# confused on AEM intake install



## GTO691024 (Aug 17, 2011)

Just bought a used GTO and it came with the AEM cold air instake system (uninstalled and used). I am installing it today and everything seems right except the crankcase vent hose will not reach the little outlet on the throttle body pipe (i dont know the exact name sorry).

On the OEM pipe it fits snug and perfect but on the AEM one the little outlet is closer to the filter and i dont think it will reach. They are too far apart.
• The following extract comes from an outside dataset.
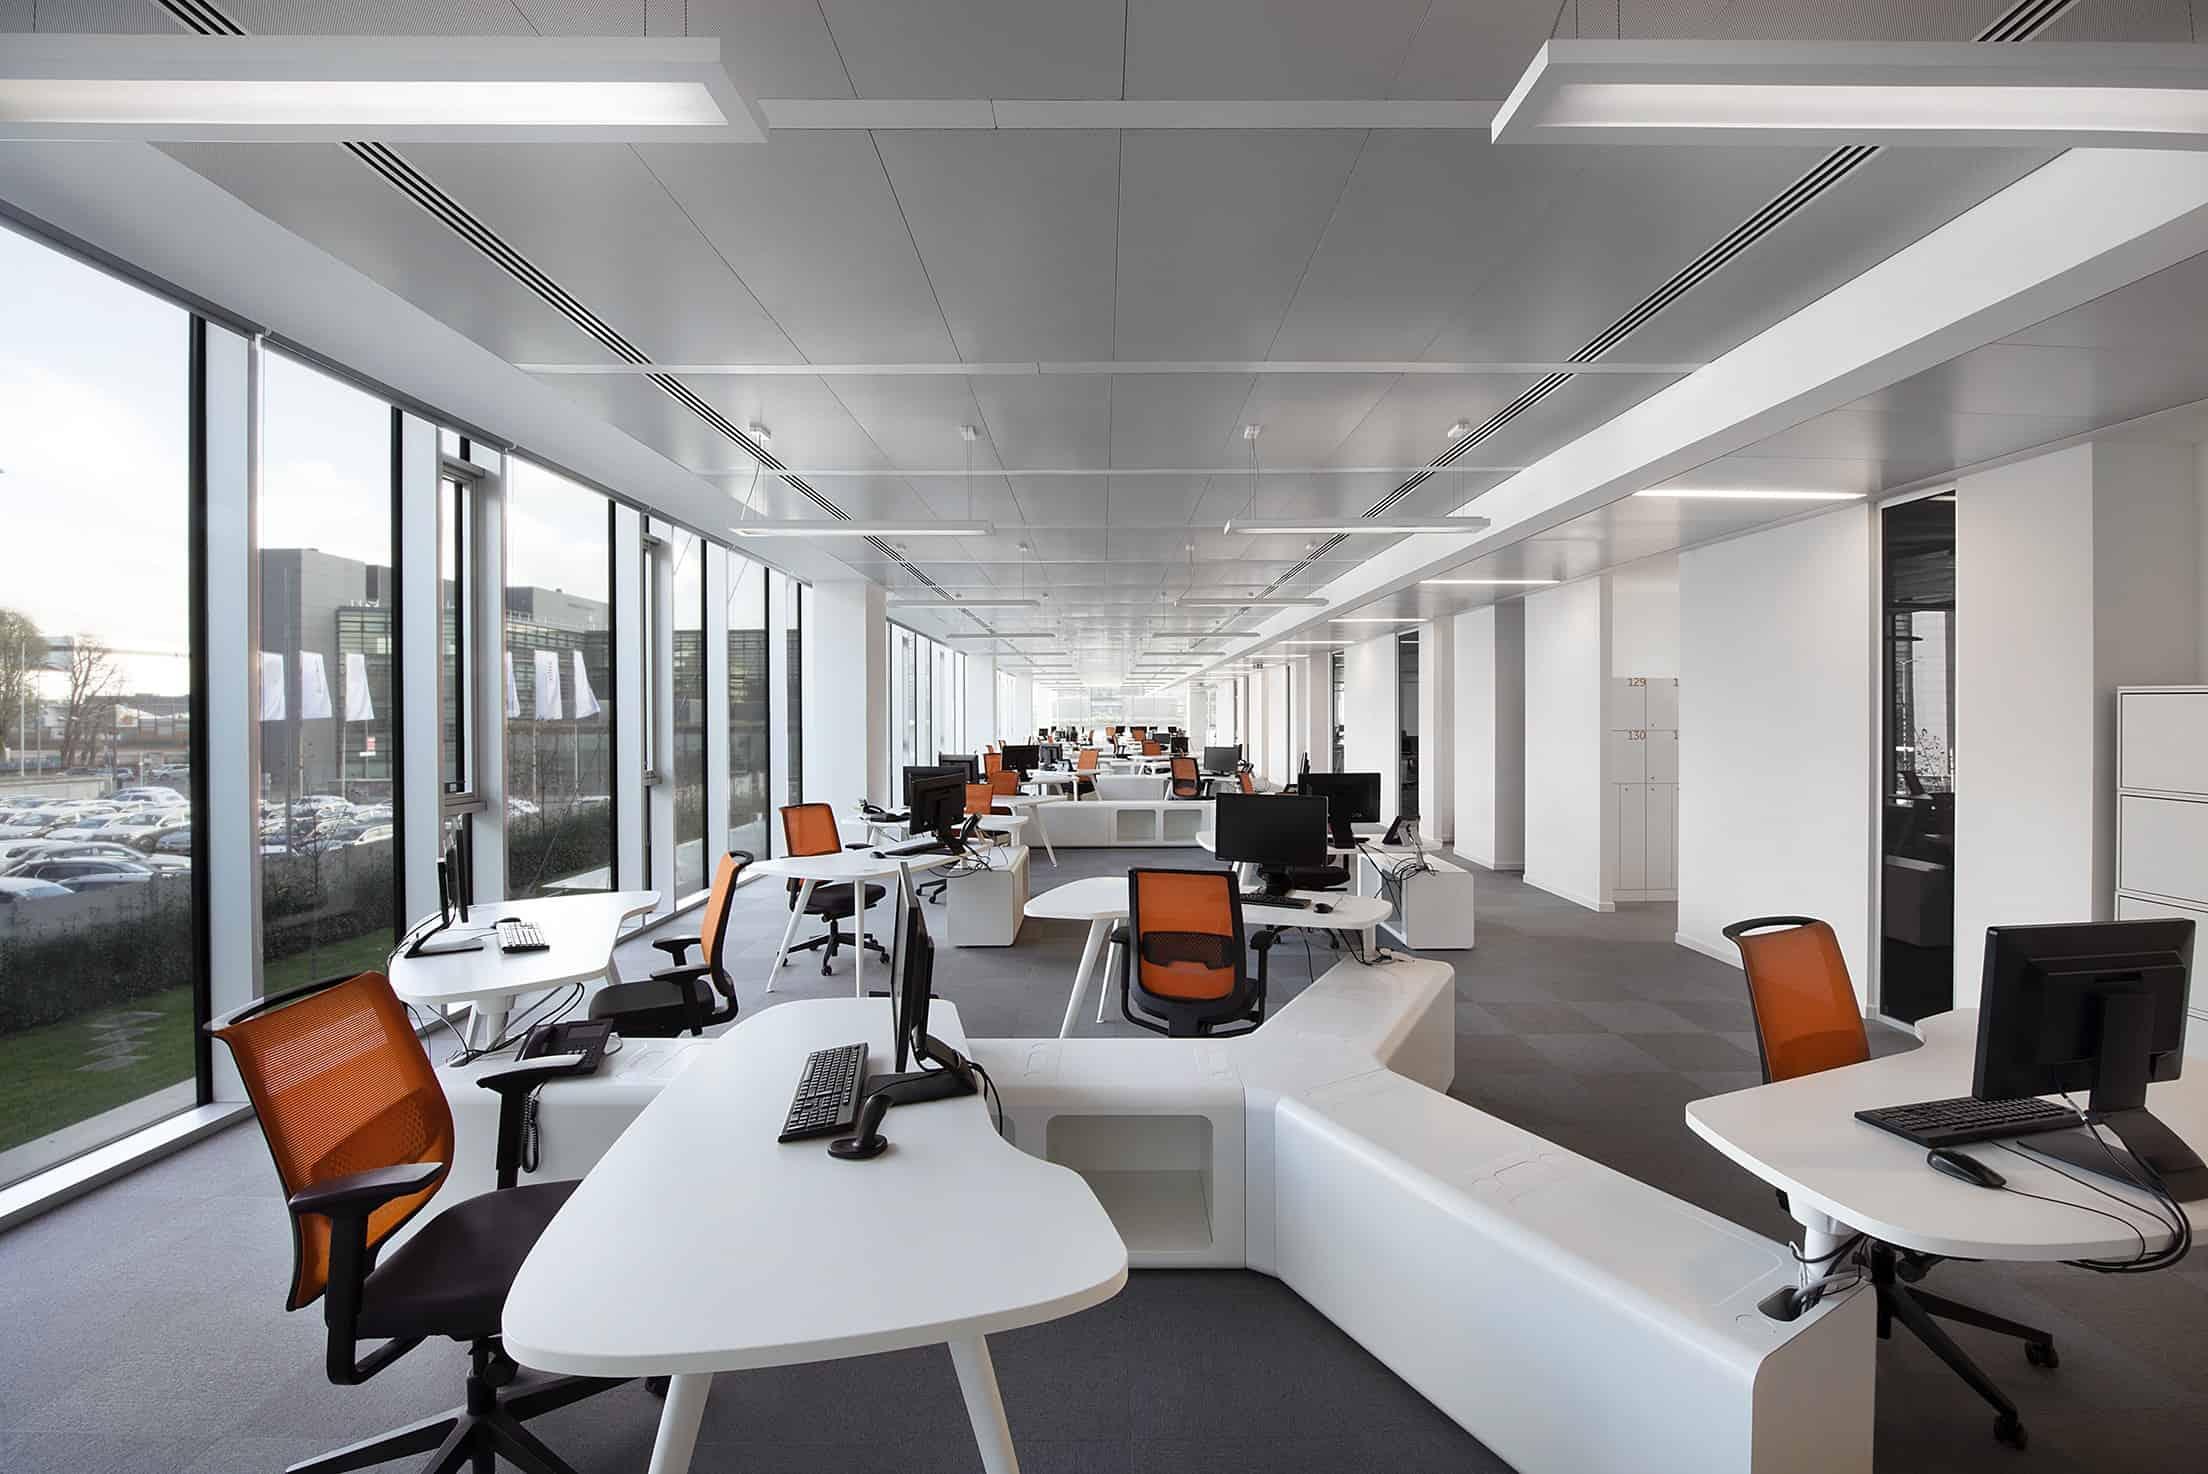 A Day In A Smart Office Progetto Cmr Massimo Roj

Am I missing some kind of tube that came with the entire intake system thats supposed to connect the two? Any DIY solutions? thanks guys.


----------



## GTO691024 (Aug 17, 2011)

sorry unfortunately it seems I am missing the 3/8 hose

http://www.aemintakes.com/instructions/AEM-21-8020_inst.pdf

do you think I can just get a 3/8 hose from Home Depot or something and connect the two? Thx


----------



## svede1212 (Nov 1, 2005)

Go to an auto parts store and buy some 3/8" rubber gas line. The hose isn't a breather but the fresh air supply for the crankcase or at least it's supposed to be. The breather connects behind the TB. Under WOT there is no vacuum to pull air into the intake manifold behind the TB and vapors travel the wrong way up the supply hose and into the intake. It's one of the reasons "catch cans" aren't that effective.


----------



## GTO691024 (Aug 17, 2011)

thanks for the reply

i did exactly that, went to kragens got a 3/8 fuel hose and just zip tied the two ends. Should work for now. thanks again


----------



## GTO JUDGE (May 14, 2005)

Make sure you reinstall your MAF sensor in the correct position (not backwards) there is an arrow on it to guide you.


----------